WORLD-WIDE CAMPAIGN LAUNCHED TO COMBAT
WTO ASSAULT ON LAST REMAINING FORESTS
For immediate release, Monday June 28, 1999
SEATTLE, Washington - International forest protection leaders today
announced a global campaign to derail World Trade Organization (WTO) plans
to write trade agreements that will threaten the world's forests at the
upcoming WTO Ministerial here this November.
"The WTO is a threat to forests around the world, and forest protection
activists around the world will work to stop it," said former US
Congressman Jim Jontz, now Executive Director of American Lands Alliance.
The campaign announcement followed a forest protection summit held outside
Seattle that included forty activists from fourteen countries.

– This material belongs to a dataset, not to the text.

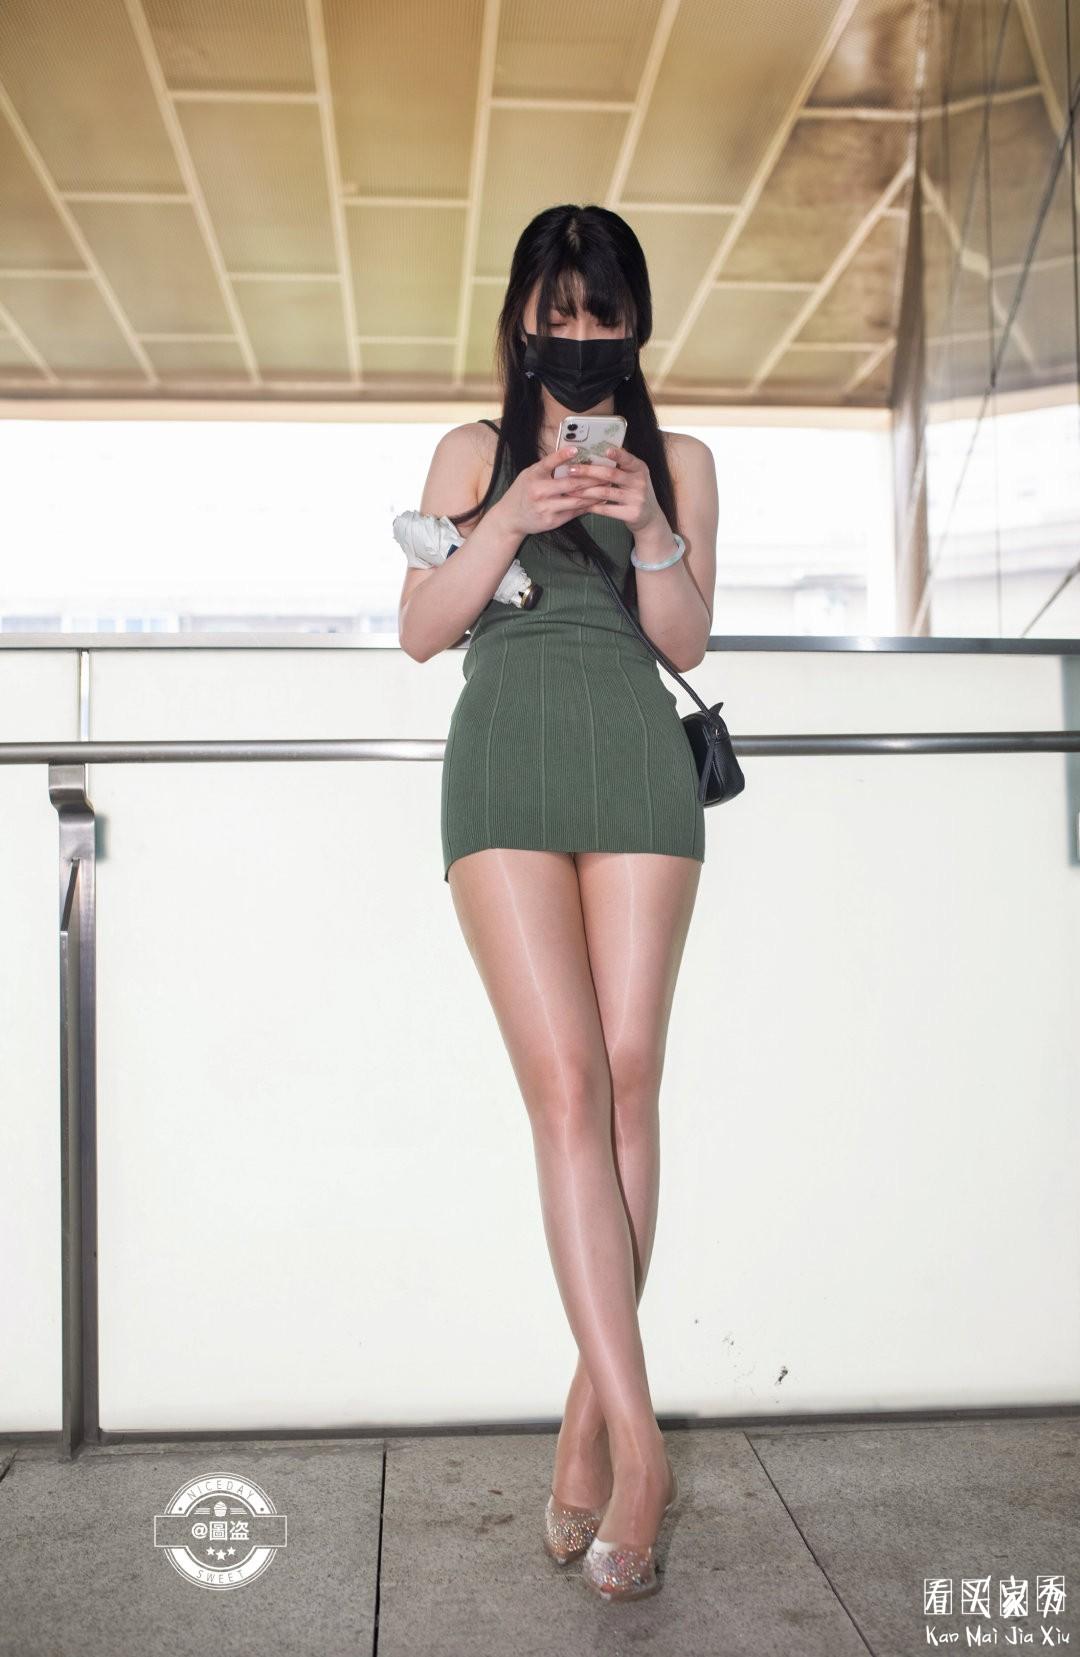 [街拍美女]包臀裙配肉丝袜,有种说不出的感觉2

Representatives came from forest products-exporting nations Indonesia,
Chile, Brazil, Mexico, New Zealand, Canada, and Russia, where the bulk of
the Earth's remaining old growth forests are located, and from heavy
forest
products-using countries Japan, the United States and the European Union.
A wide range of Seattle-based forest protection organizations also
participated.
"With such diversity and depth of experience, we are confident of ending
WTO measures that will increase consumption of forest products without any
regard for the well-being of the environment," said conference organizer
Victor Menotti of International Forum on Globalization.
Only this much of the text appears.